I lifted that quote from the notes to Jakob Ullmann’s fremde zeit addendum, but it could equally apply to Pinna; likewise an exhortation to play the record at a volume that “barely mask(s) the ambient sounds in the room”.
Pinna was performed live in Vienna in July 2010 by Tim Blechmann and Klaus Filip of Taus, both using laptops.
In a revealing interview for Another Timbre, Blechmann explains the pains Taus took to create a unique “sonic space” within the small church hosting the concert:
“Klaus uses only sine waves, while I am playing noise textures and crackle sounds…For Klaus’s sine waves, it doesn’t really matter where you place the speakers, but he always likes to have a subwoofer to be able to play very low-frequency sounds. But for my noise textures, the placement of the speakers matters a lot because they are very easily locatable, and I try to play different sounds on different speakers.”
Given that attention to spatial specifics, and the fact that the recording wasn’t originally intended for release, it’s remarkable how absorbing the final product is, and it’s no surprise that Blechmann and Filip are pleased with it.
“The microphones captured the sound from the speakers, the reverberation of the space…and all kinds of environment sounds like birds, audience movements, people passing by, etc. It was probably one of our most relaxed concerts. As it was a rather hot weekend in July, not so many people came…and therefore the situation was very concentrated.”
The result is one of the most atmospheric recordings I’ve heard.
With the performance beginning at the sensory threshold, the listener is drawn in by the close-captured environmental sounds, such as birds on the wing. And with playback at normal volume settings, the first two thirds of the recording seem to pass almost subliminally, any consciousness of local background noise falling away. The gradual amplification of low frequency sound then subsumes silence, while Blechmann’s textures, ghosted by Filip’s sine waves, hold the ear.

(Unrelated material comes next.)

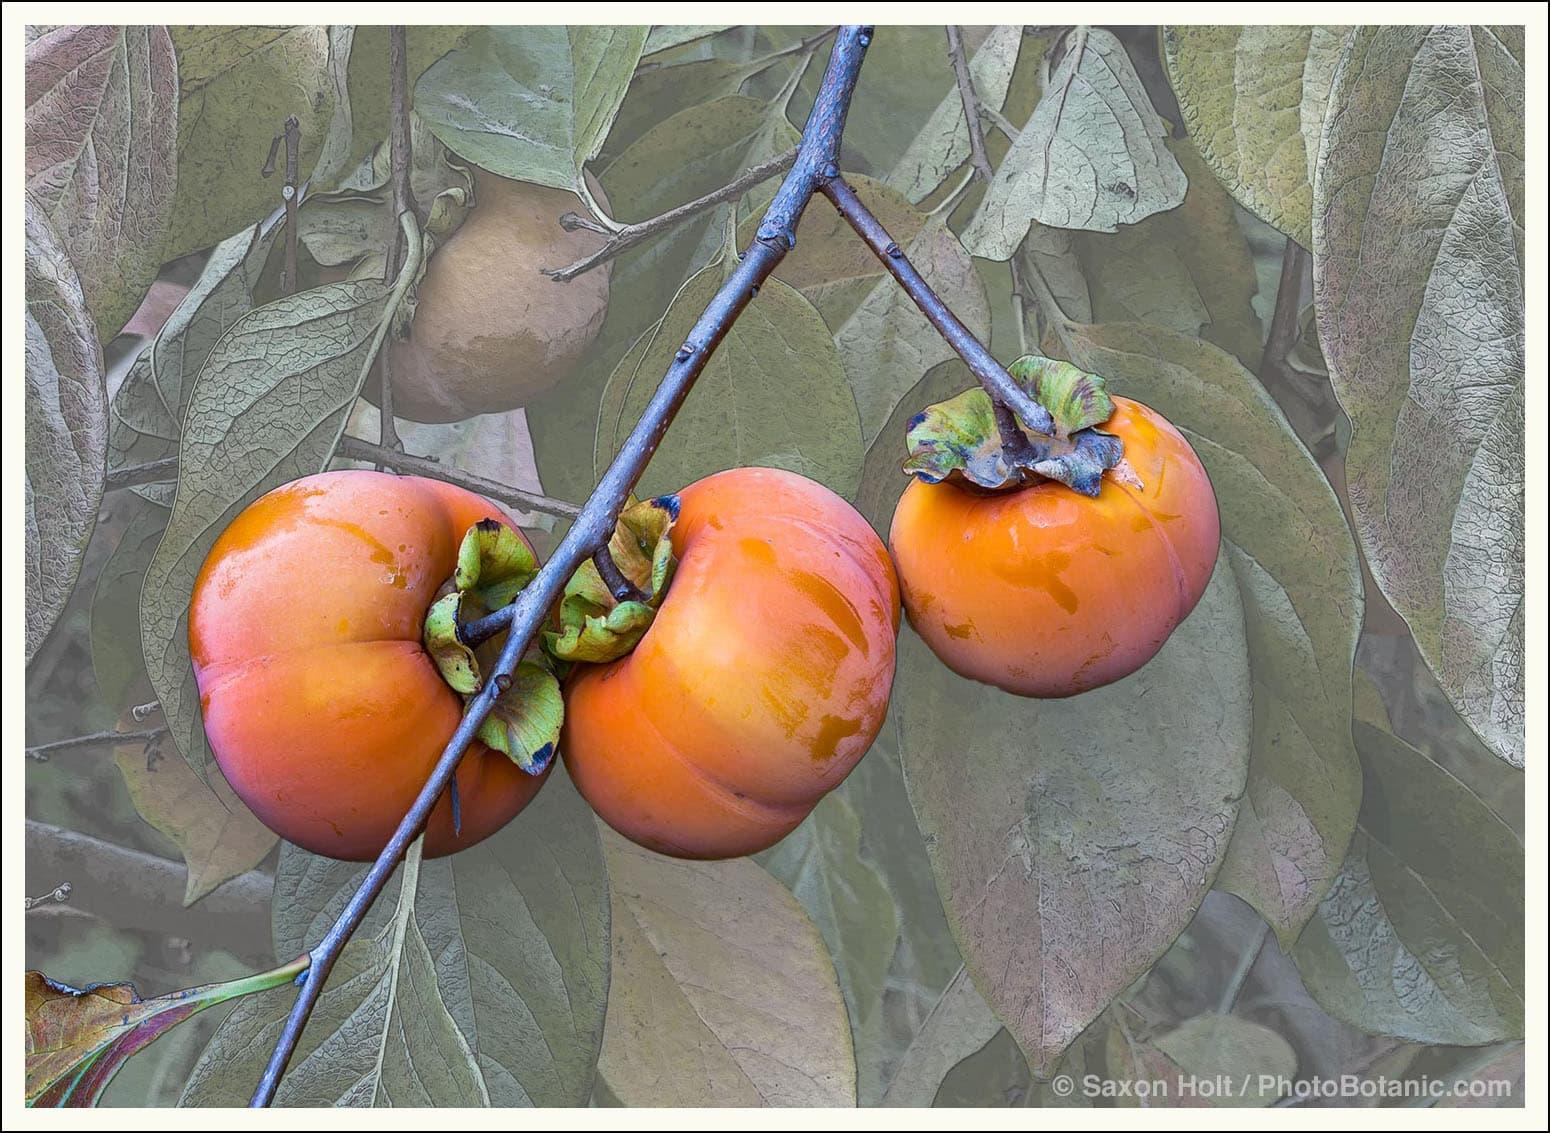 Fuyu Persimmon ripening on tree in California garden

Dentistry – Vardøgr (Forwind)
Dentistry’s Vardøgr is a very different proposition, a larval coagulum of synthesised sound.
Both Patrick Fennelly and Cian Walker play synths and laptop in this Dublin trio, alongside bassist Jason Joomun. Walker is also credited with live processing.
Recorded in the studio, the mood sustained across the five untitled pieces of Vardøgr is dark and occluded, albeit each has distinctive differentiating subtleties.
Dentistry’s methodology is neither as situational nor as ambient as Taus’. Riffing on 70s kosmiche methodology, the trio’s dark ambience, with its generational hum of grimy voltage, has much in common with KTL’s genre-mere of doom and electronica.
“Vardøgr” is a Norwegian word defining “a premonitory sound or sight of a person before he arrives…a reverse episode of déjà vu perhaps” (forwind.net), an apposite appellation for such portentous mood music.
I’m less taken with Dentistry as a collective noun, though it might evoke the dissociation effect enjoyed by those under conscious sedation. Dentistry’s music evokes, in a perversely gratifying way, just such a state of mental stasis; lacking in emotional depth and colour, yet weirdly compelling.